**Recorded data**.
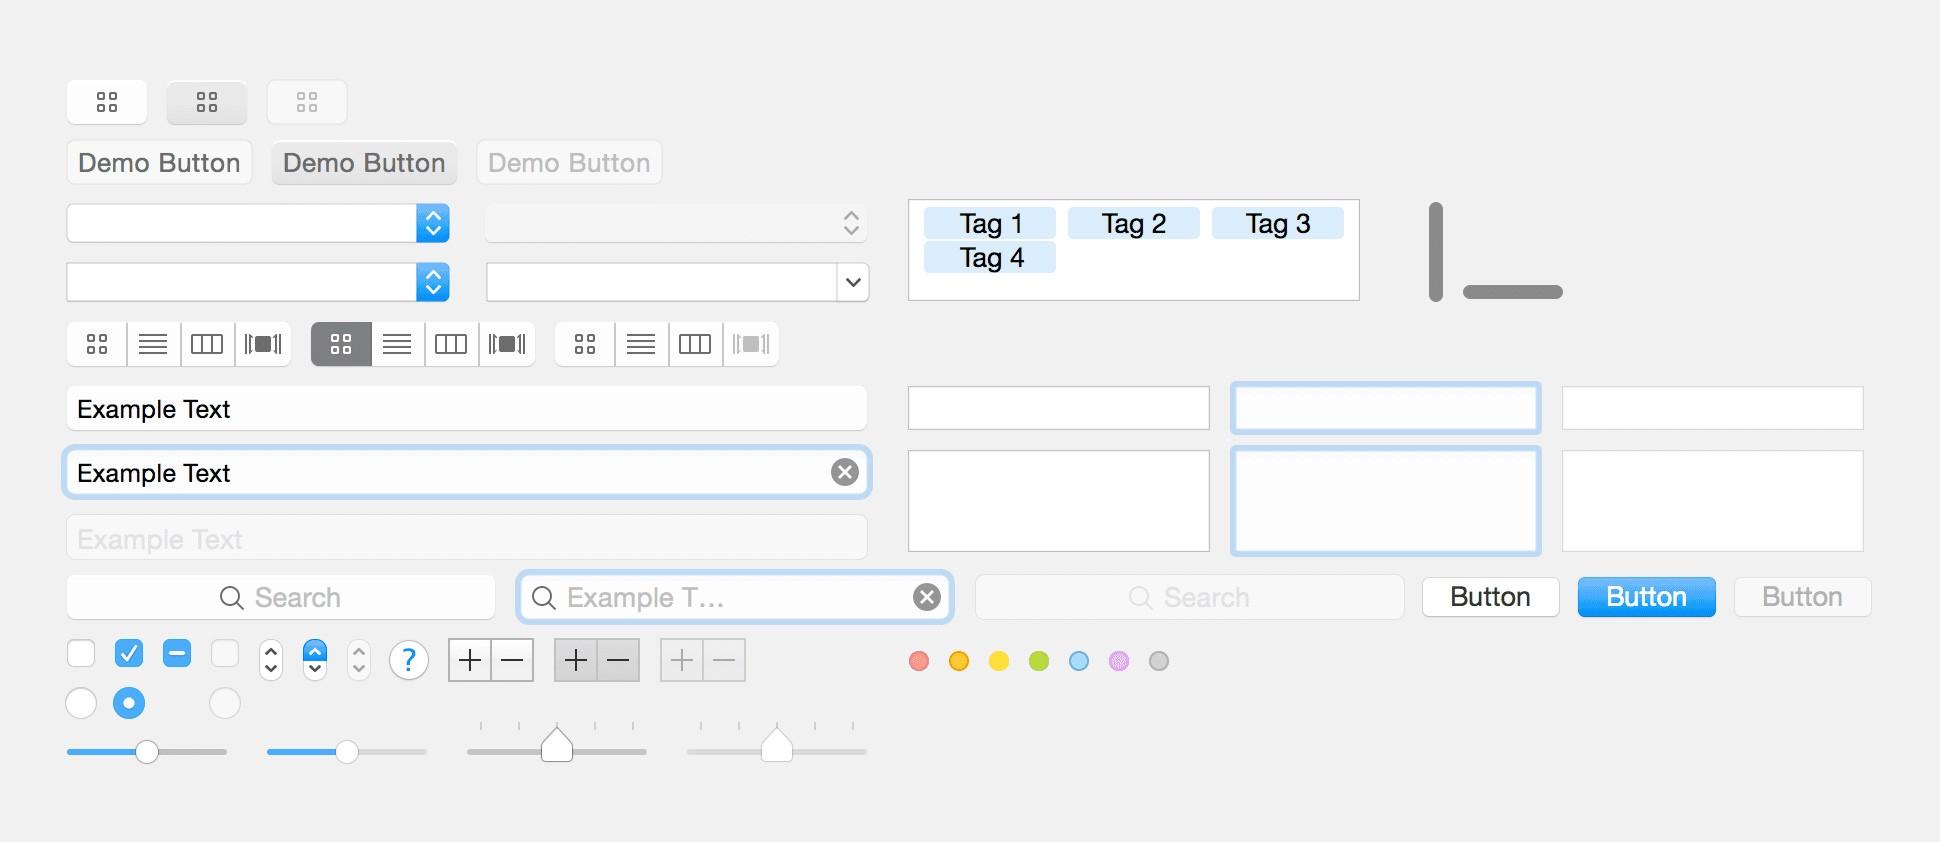 Standard UI elements
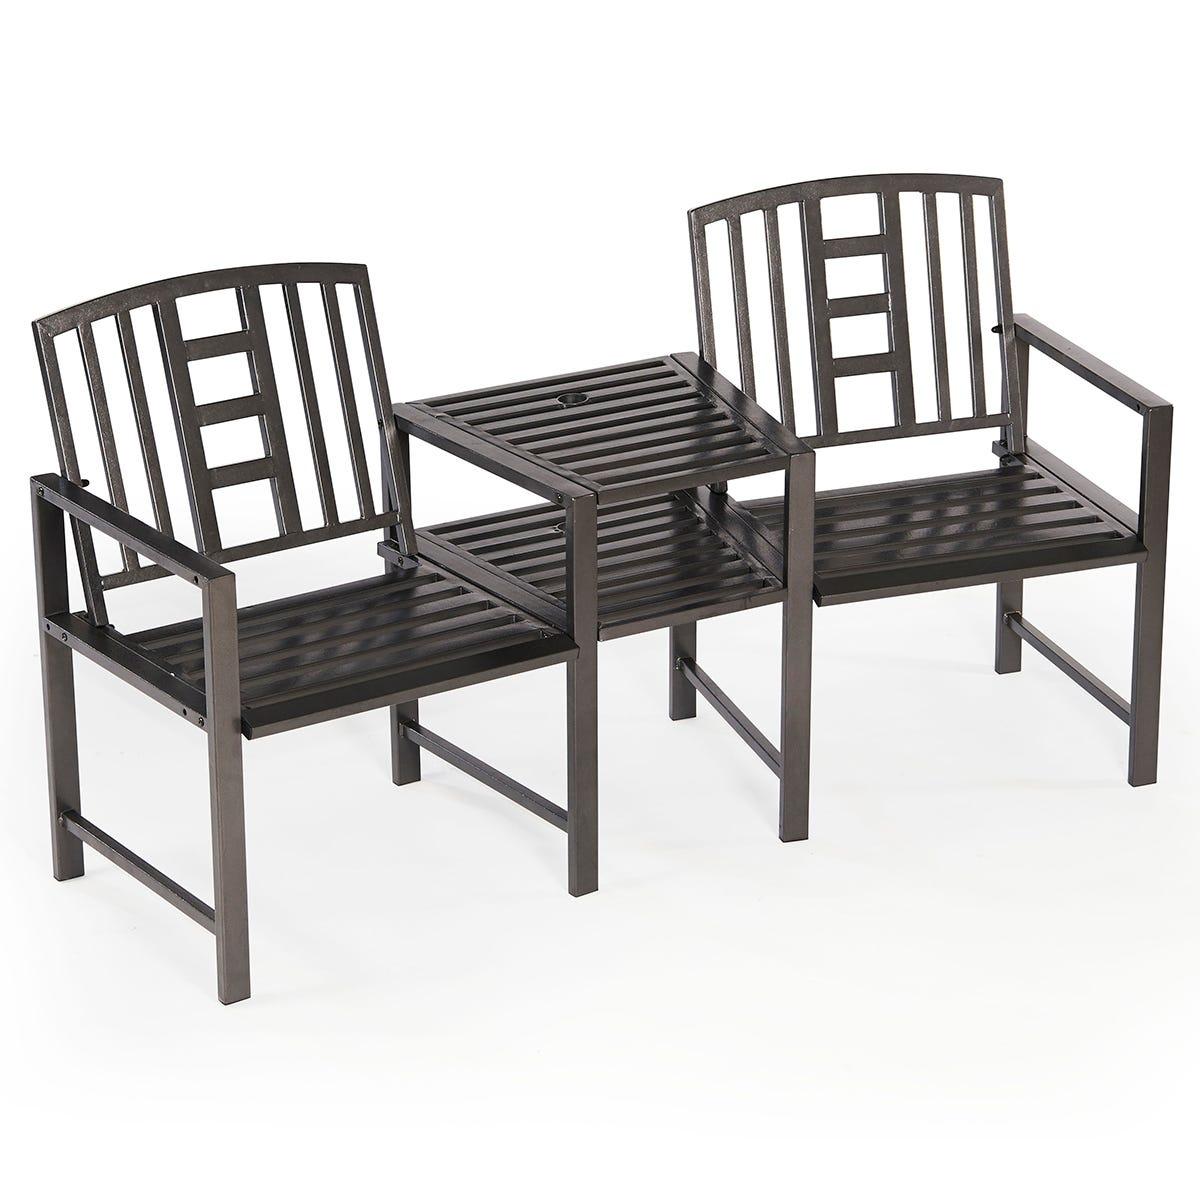 Greenhurst Hartlebury Duo Garden Bench and Table
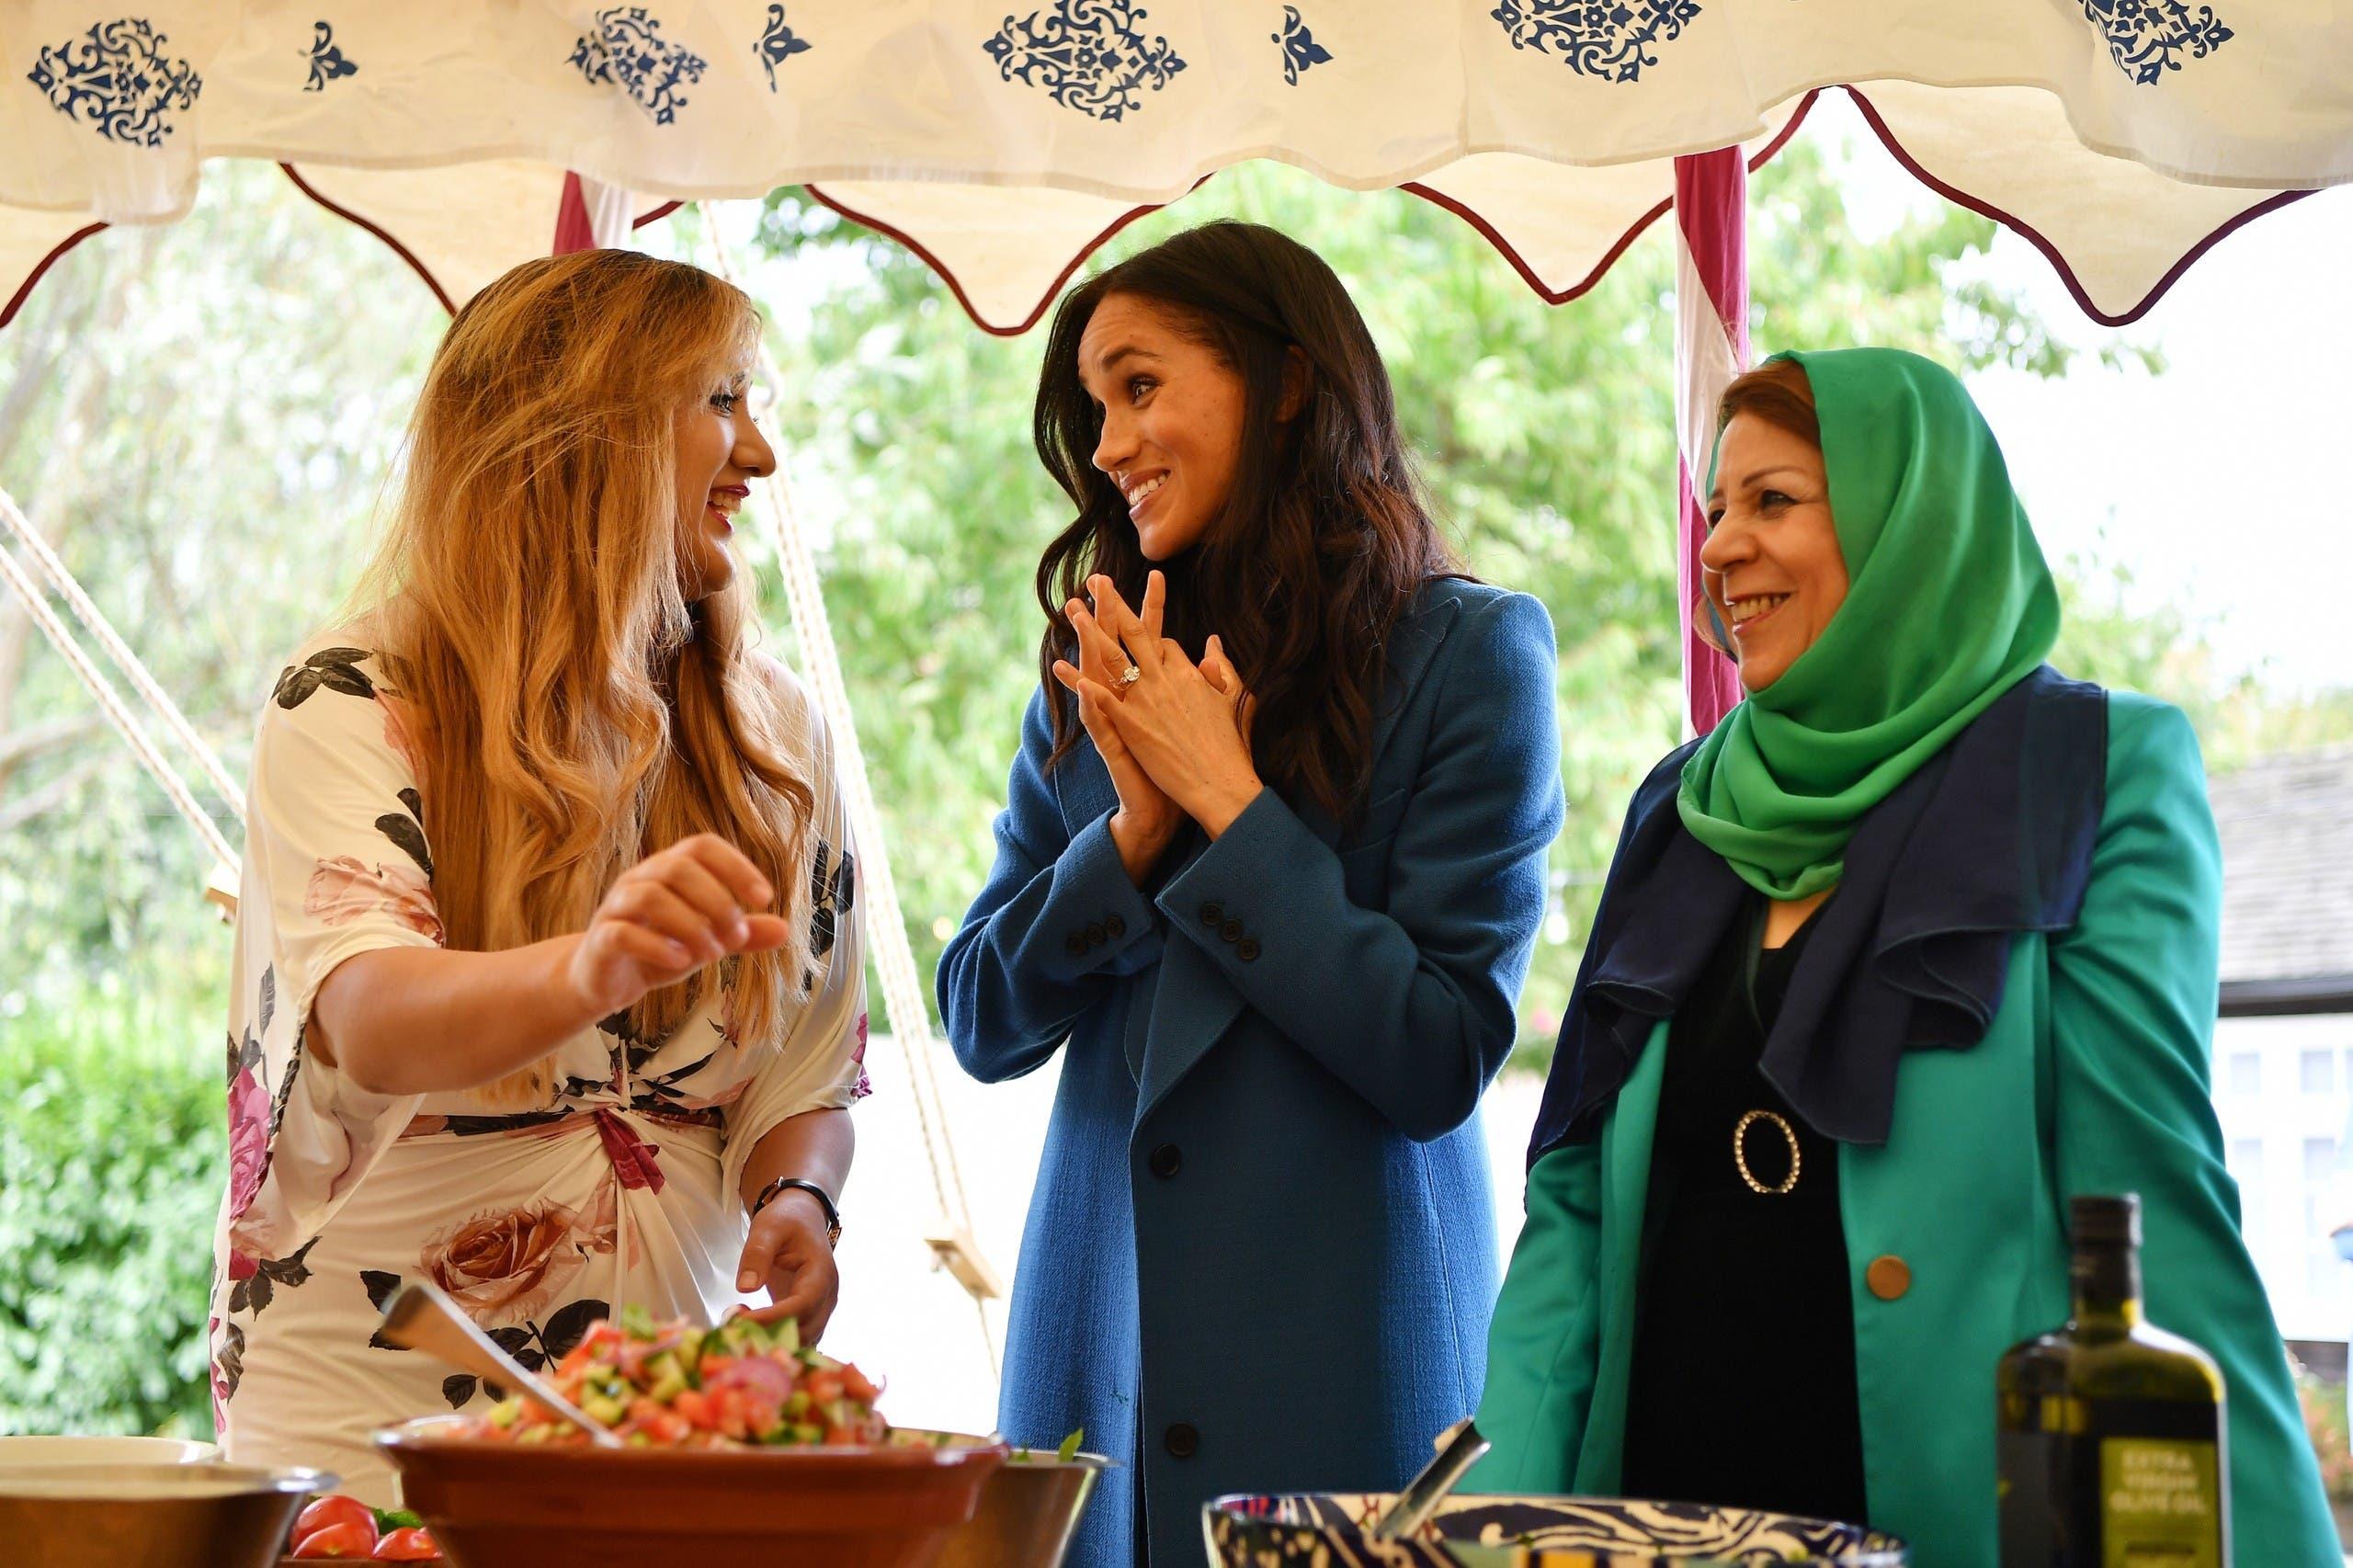 fadd2354 ddce 4da2 9f2c faafe40ecafe أم ميغان ميركل تشارك ابنتها العمل الخيري لصالح المسلمين  ونشر وصفات الطعام!!!

**What is expected**. Please give again only those lines that run from the one containing "Greenhurst Hartlebury Duo" through the final line of the listing, both included, exactly as written and without pictures.

**Expected output**.
 Greenhurst Hartlebury Duo Garden Bench and Table
 fadd2354 ddce 4da2 9f2c faafe40ecafe أم ميغان ميركل تشارك ابنتها العمل الخيري لصالح المسلمين  ونشر وصفات الطعام!!!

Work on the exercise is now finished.